[[ Data open ]]

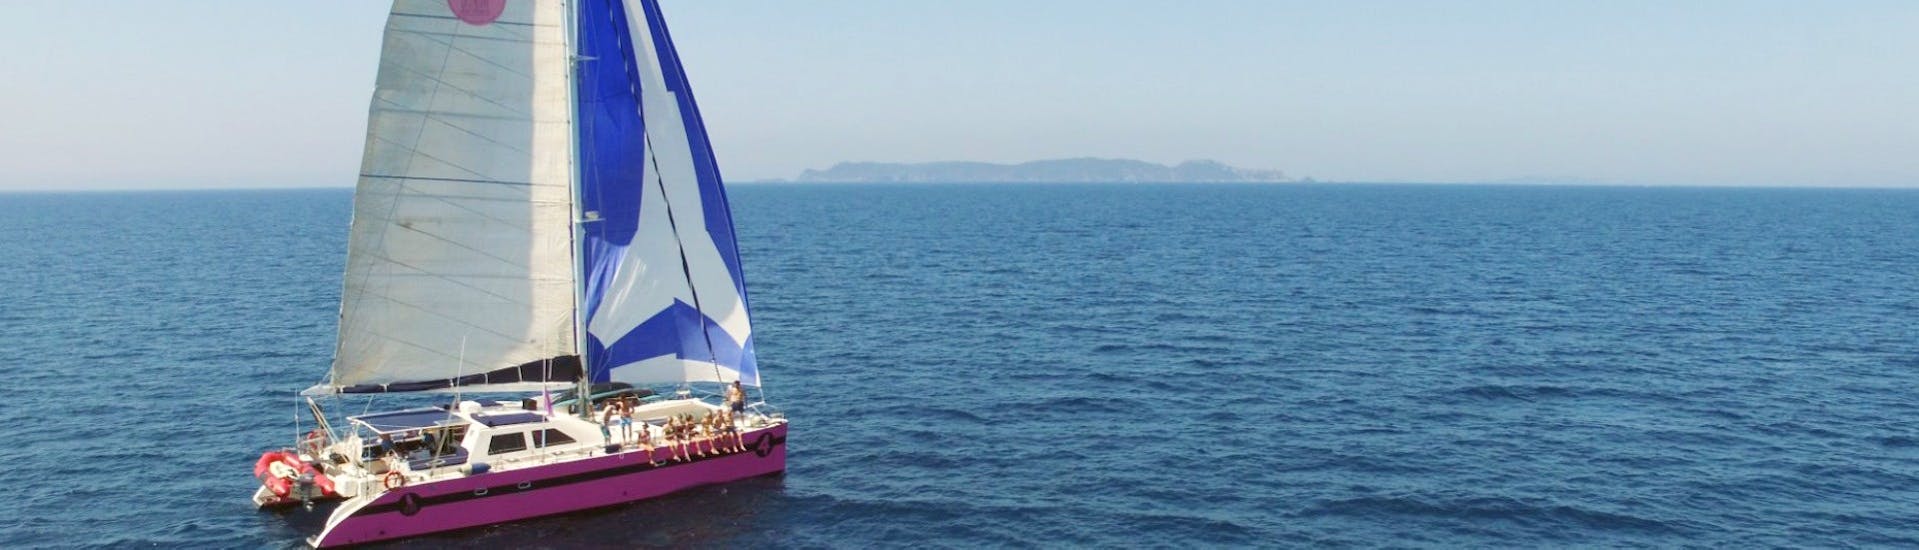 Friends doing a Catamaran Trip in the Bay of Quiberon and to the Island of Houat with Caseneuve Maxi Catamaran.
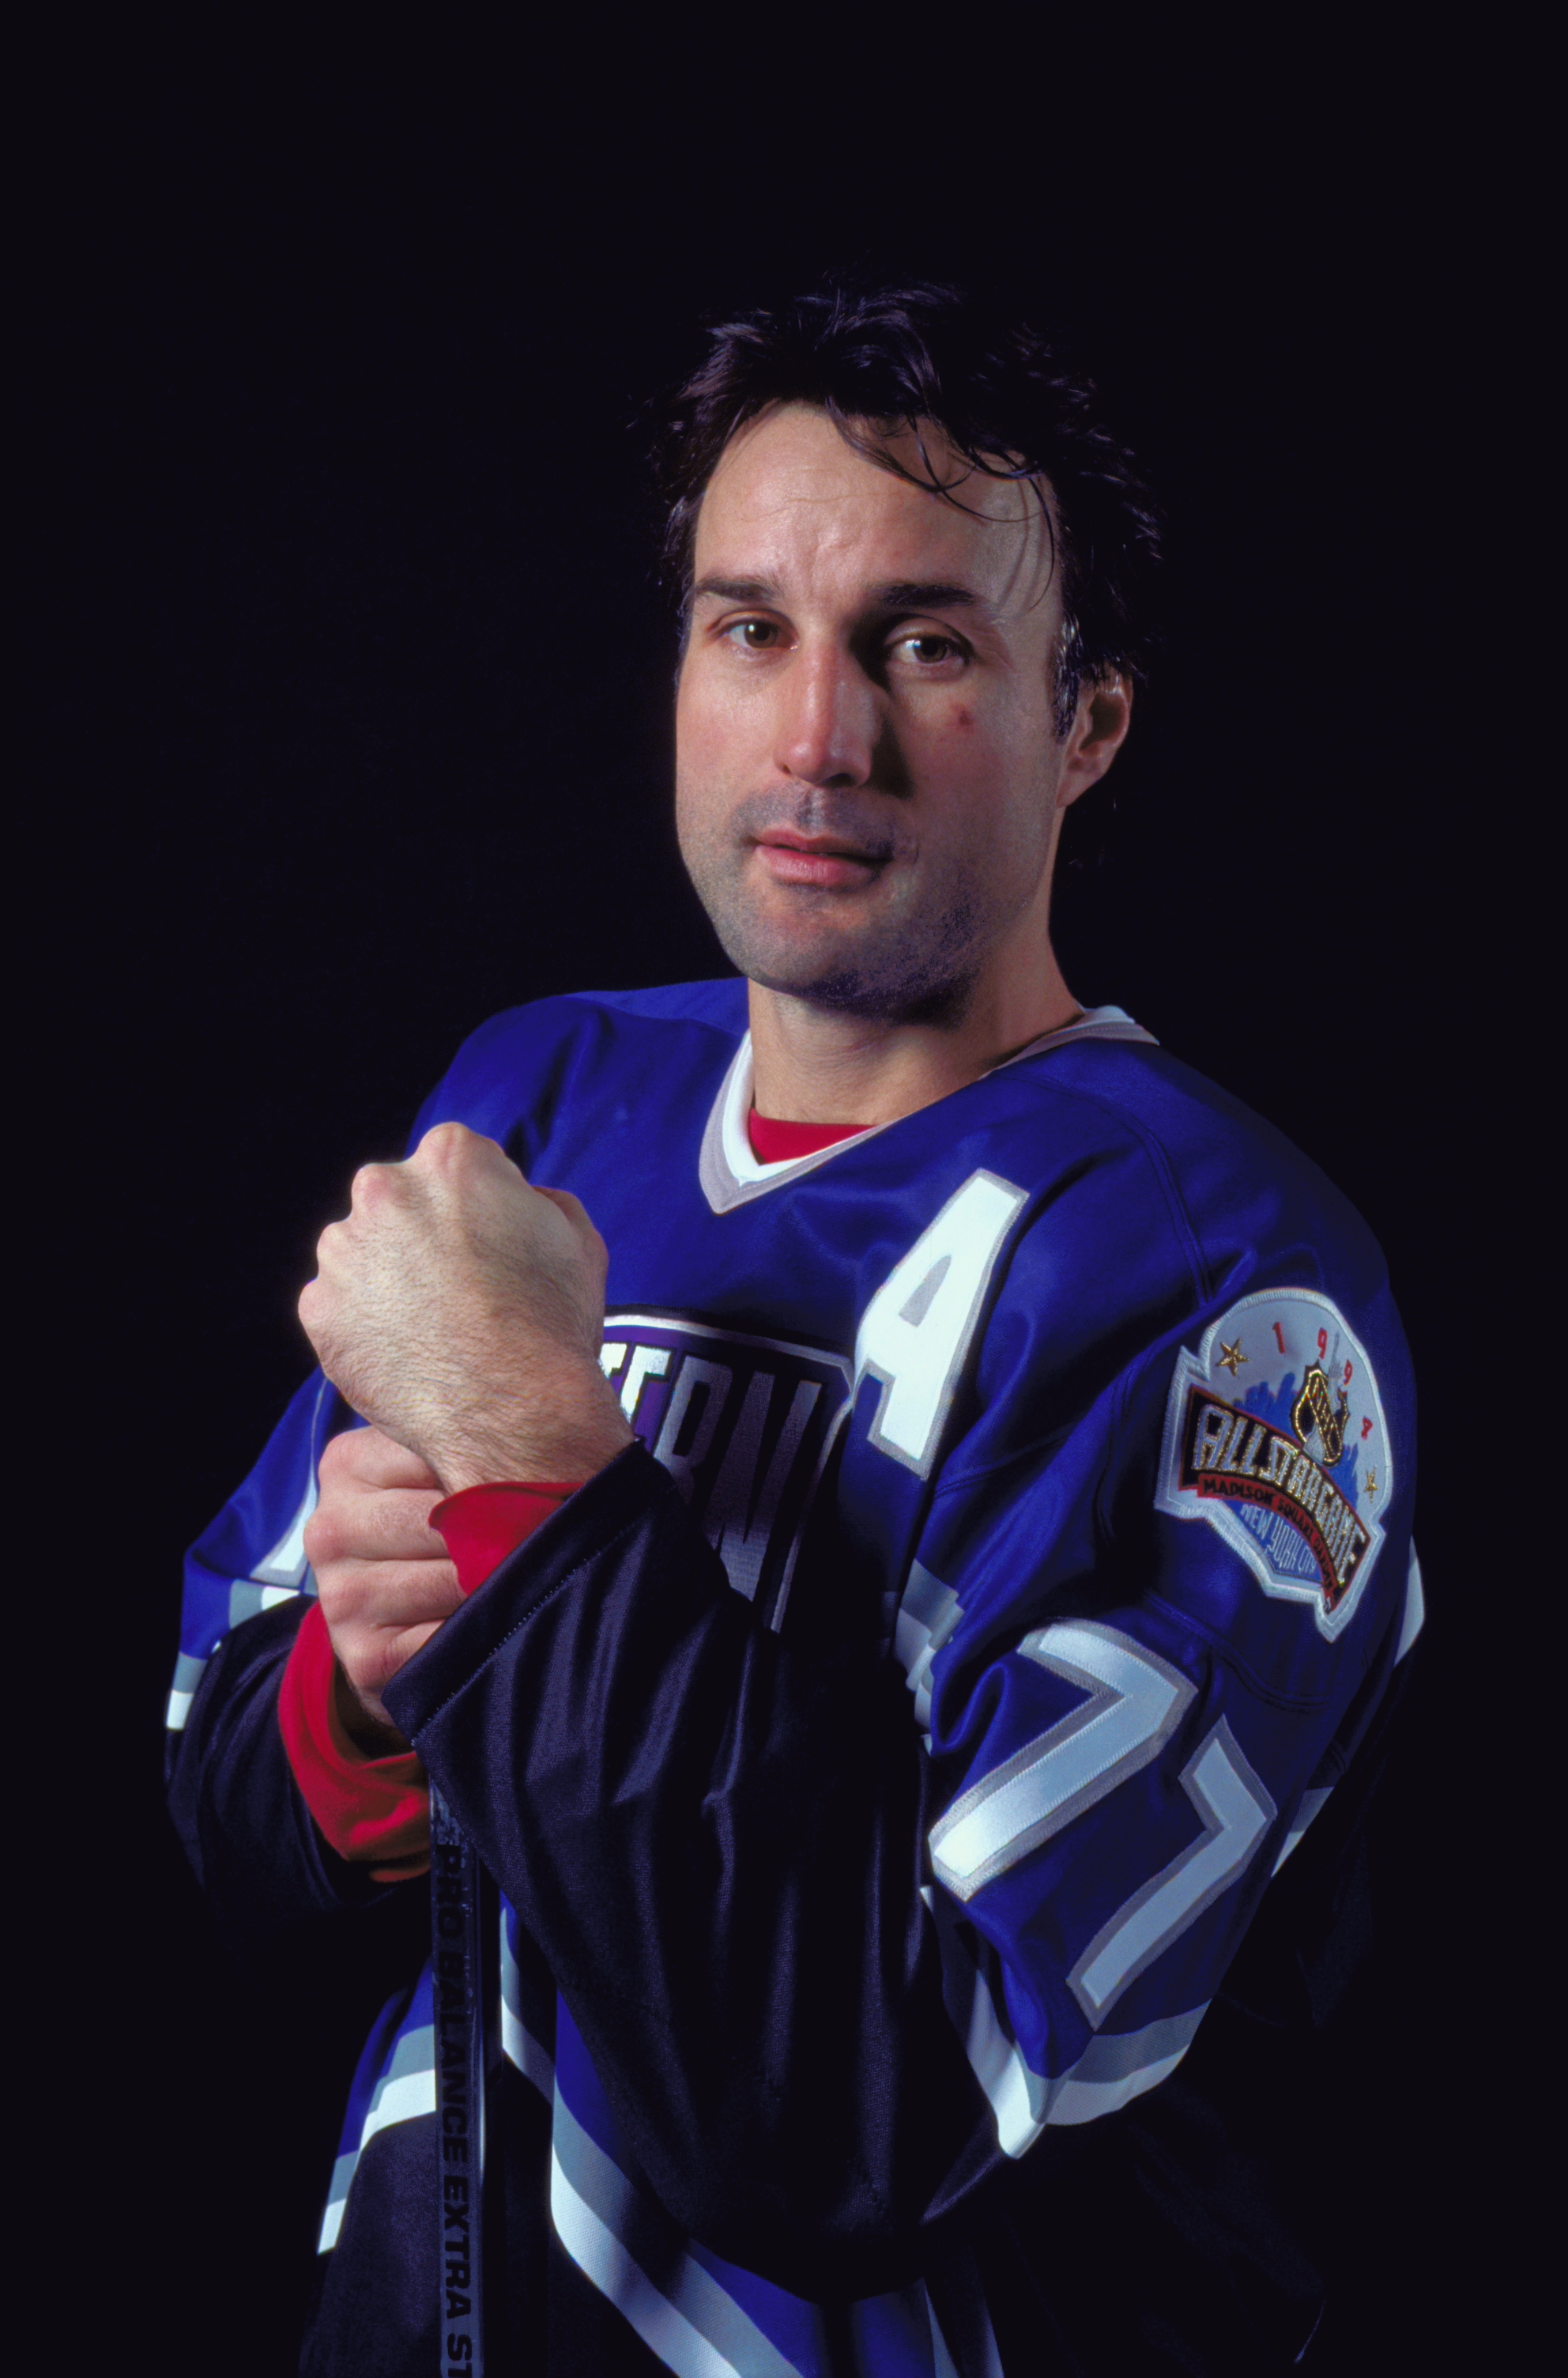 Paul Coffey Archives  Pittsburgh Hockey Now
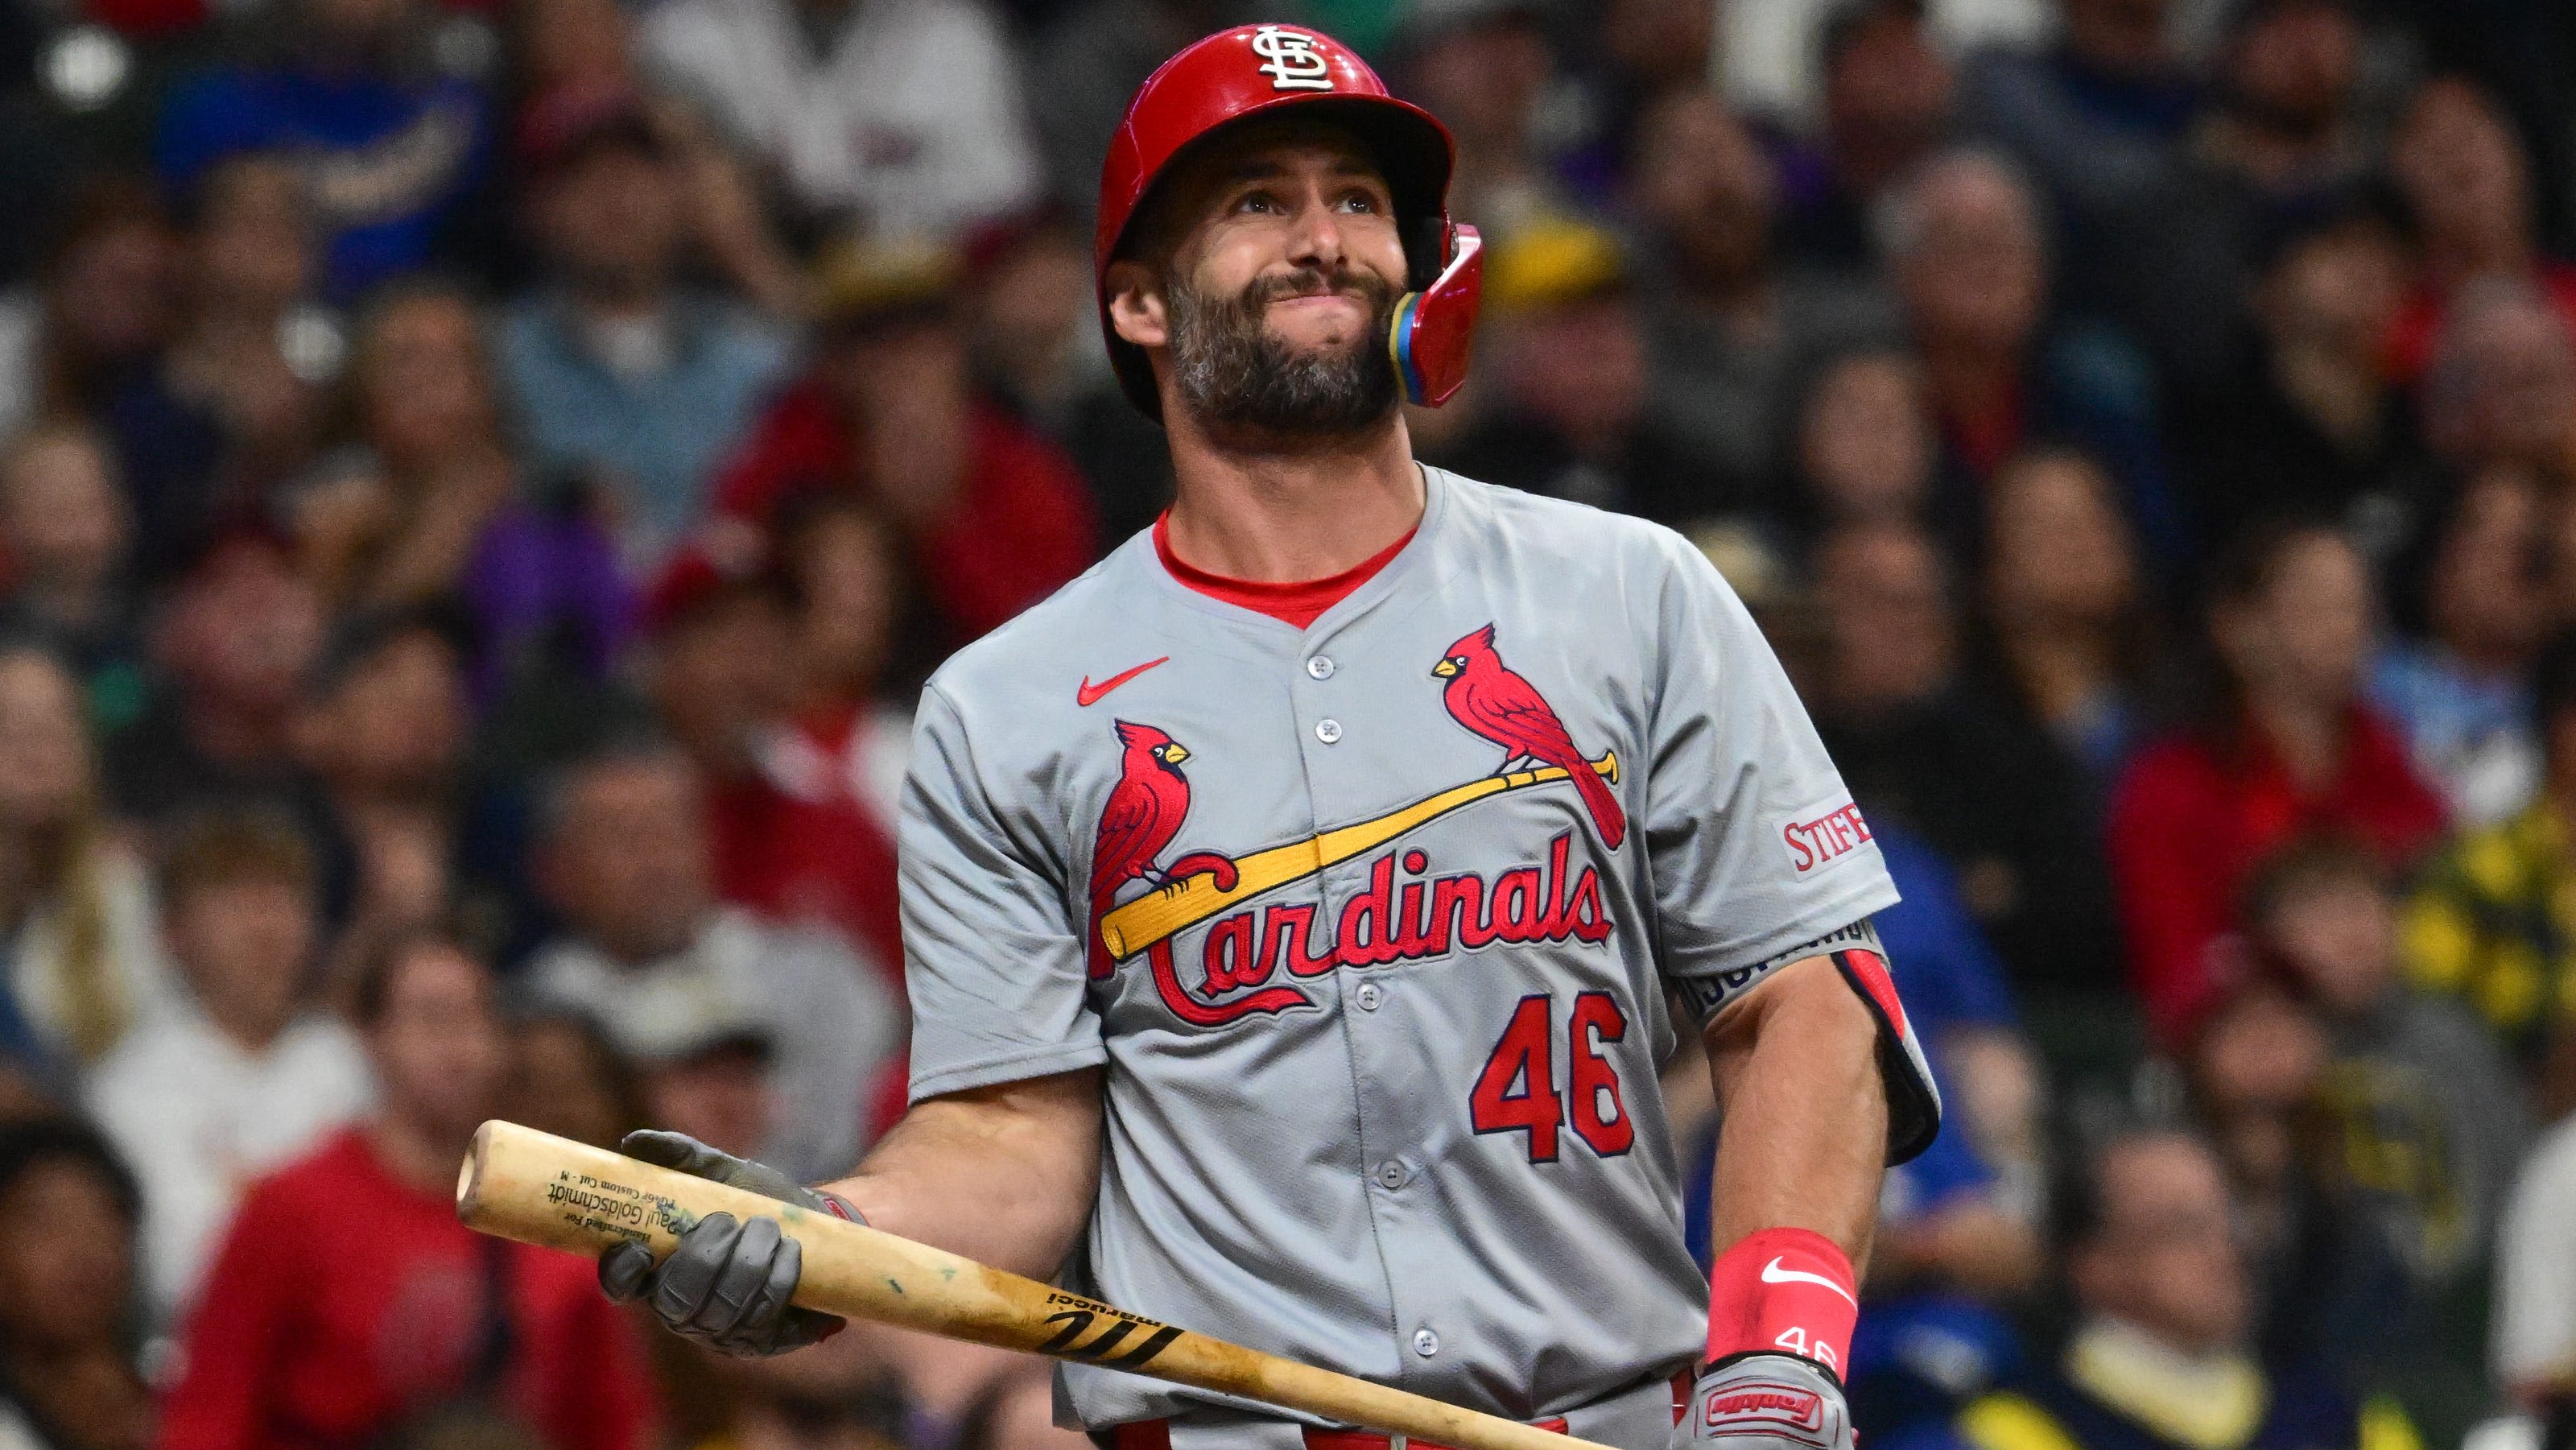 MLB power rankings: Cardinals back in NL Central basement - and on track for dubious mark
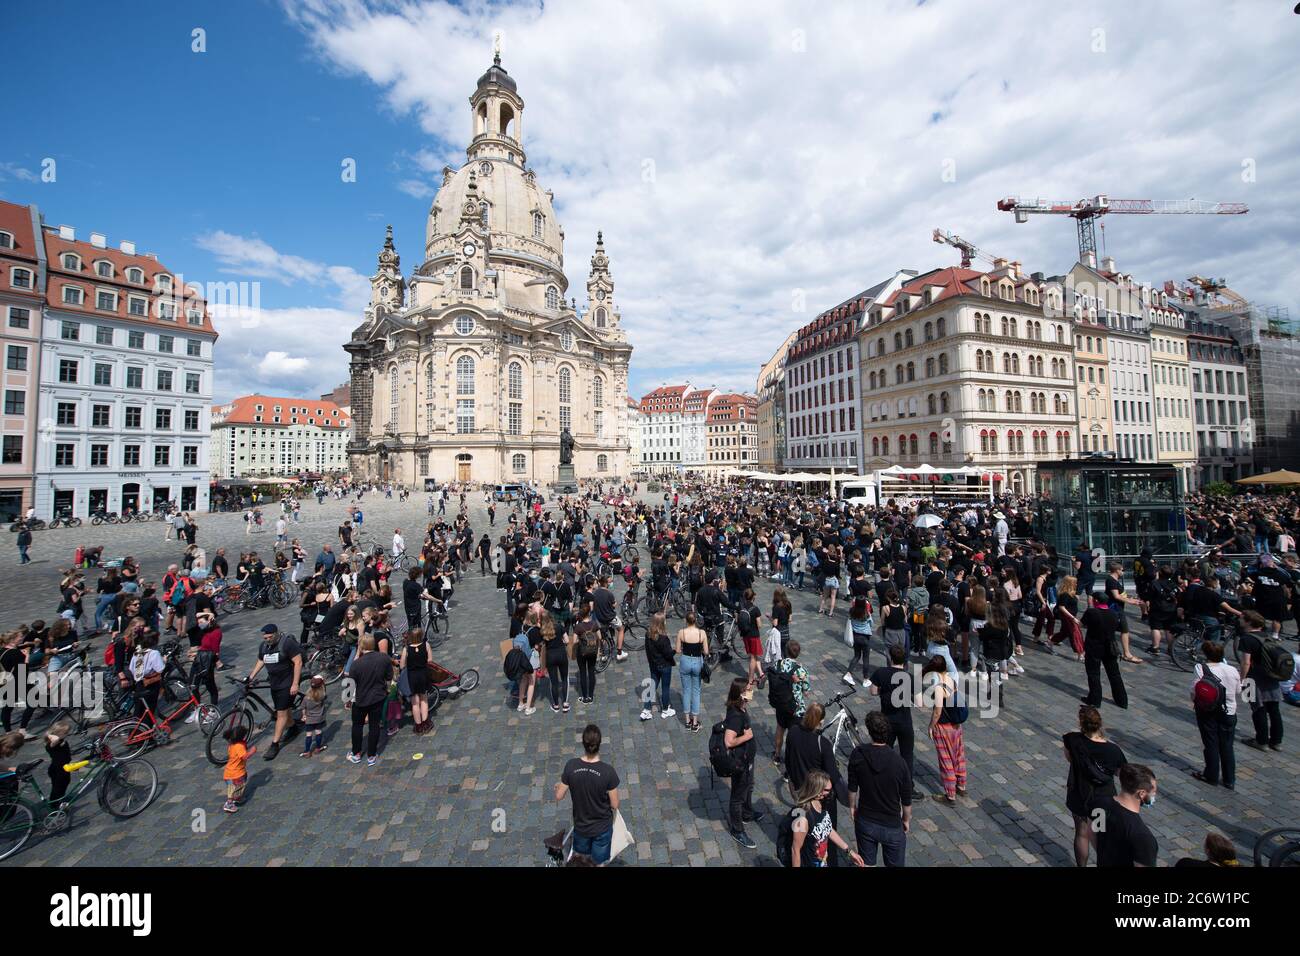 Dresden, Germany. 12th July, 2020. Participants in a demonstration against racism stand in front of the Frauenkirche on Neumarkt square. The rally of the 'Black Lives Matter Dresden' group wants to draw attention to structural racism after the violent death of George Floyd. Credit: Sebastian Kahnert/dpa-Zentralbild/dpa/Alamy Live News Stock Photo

[[ Data closed ]]

● **Task description**
Please repeat every line from the listing above exactly as it appears. Drop the pictures.

● **Written solution**
 Friends doing a Catamaran Trip in the Bay of Quiberon and to the Island of Houat with Caseneuve Maxi Catamaran.
 Paul Coffey Archives  Pittsburgh Hockey Now
 MLB power rankings: Cardinals back in NL Central basement - and on track for dubious mark
 Dresden, Germany. 12th July, 2020. Participants in a demonstration against racism stand in front of the Frauenkirche on Neumarkt square. The rally of the 'Black Lives Matter Dresden' group wants to draw attention to structural racism after the violent death of George Floyd. Credit: Sebastian Kahnert/dpa-Zentralbild/dpa/Alamy Live News Stock Photo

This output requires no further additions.